The politics of a U.S.-Taiwan FTA are simpler fare. For Taiwan, U.S. willingness to enter into an FTA would be an affirmation of the broader U.S. commitment to Taiwan. President Chen and others have phrased it as such. So too have congressional supporters of a U.S.-Taiwan FTA. While it formally implies nothing about statehood or state-like status, Taiwan’s status as a partner or even partner candidate in an FTA would imply standing with the U.S. akin to that of Canada, Mexico, Singapore, and Korea. Chinese sources have made this basic argument, suggesting that an FTA would be a step along the road to Taiwan independence. Moreover, Taiwanese sources and American supporters have played the democracy and human rights card, linking a U.S.-Taiwan FTA to support for those values, as they are embodied in Taiwan–and thereby invoking principles that also are relevant to claiming state- or state-like status.

For precisely such reasons, Beijing does not welcome the prospect and has been no less chilly to the prospect of a U.S.-Taiwan FTA than it was to the more easily deterred prospects of a Japan-Taiwan or Singapore-Taiwan FTA. Partly because much of Washington does not want such diplomatic frictions with Beijing, the Taiwan FTA faces an uphill fight. The steepness of the climb is increased by the waning of the influence of the Taiwan caucus and Taiwan lobbying in Congress and by the increasing tendency in Washington to regard Taiwan as a subordinate issue in the broader universe of U.S.-PRC relations.

Here, the problem is largely structural, reflecting the rising relative power and importance of China. But some of the tactics of Taiwan and its friends in Washington have contributed to the problem. The argument that a Taiwan-U.S. FTA is purely about trade and economics inevitably sounds disingenuous. Because there is undeniably a component that is political and that does have implications for Taiwan’s international status, there is an understandable temptation to engage in arguments that make claims about security commitments and recognition of Taiwan’s democracy. Indeed, it may be almost necessary to do so, given Taiwan’s economic unimportance relative to the PRC and given that Beijing has politicized the issue. But once these political elements are on the table, the politically useful claim that an FTA is really just about economic interests and principles becomes unsustainable.

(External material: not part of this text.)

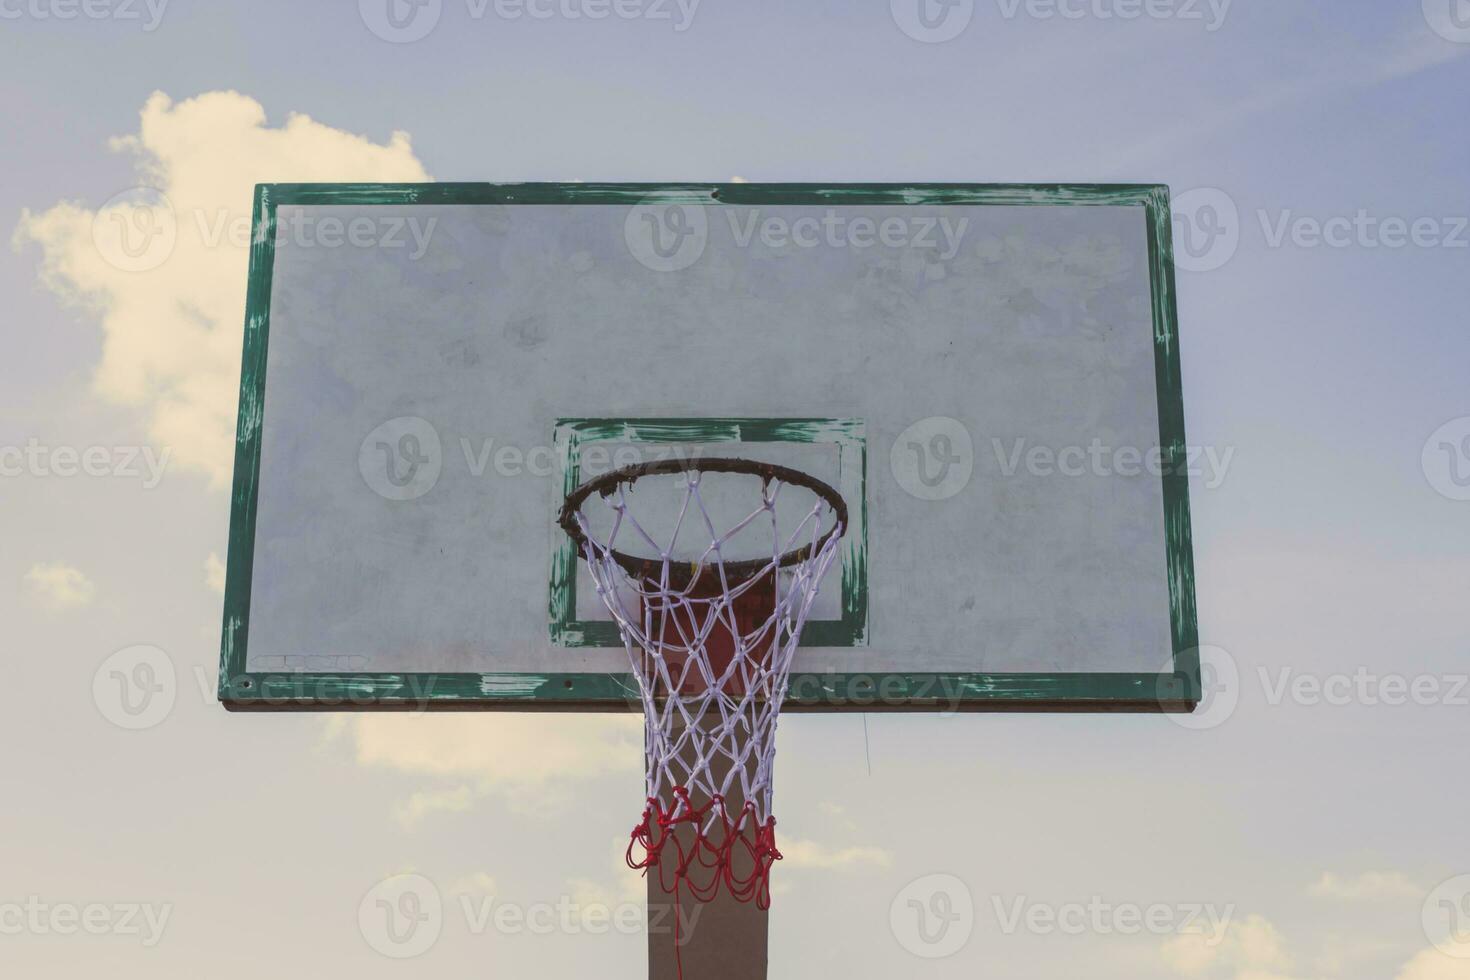 basket hoop på blå himmel foto

There are, of course, genuine international economic issues and domestic interest group concerns for the U.S. with a Taiwan FTA. But what remains most distinctive about a possible U.S. FTA with Taiwan is that, like all matters involving Taiwan, it is deeply entangled with the politics of the Sino-American bilateral relationship and the politics of Taiwan’s international status as a state or state-like entity.

FTAs and Politics

The pursuit of FTAs that include or exclude Taiwan differs in degree, but not in kind, from what we see in other existing or prospective FTAs involving the U.S., China, Taiwan or others. In all of them, states’ international and domestic political interests play a central role in determining whether to seek or accept and FTA and with what terms. While adopted and contemplated FTAs in the region generally do move toward the economic liberal ideals that underpin the economic arguments and the international law of FTAs, they do so unevenly and imperfectly, in large part in reflection of calculations of political interest and exercises of political power.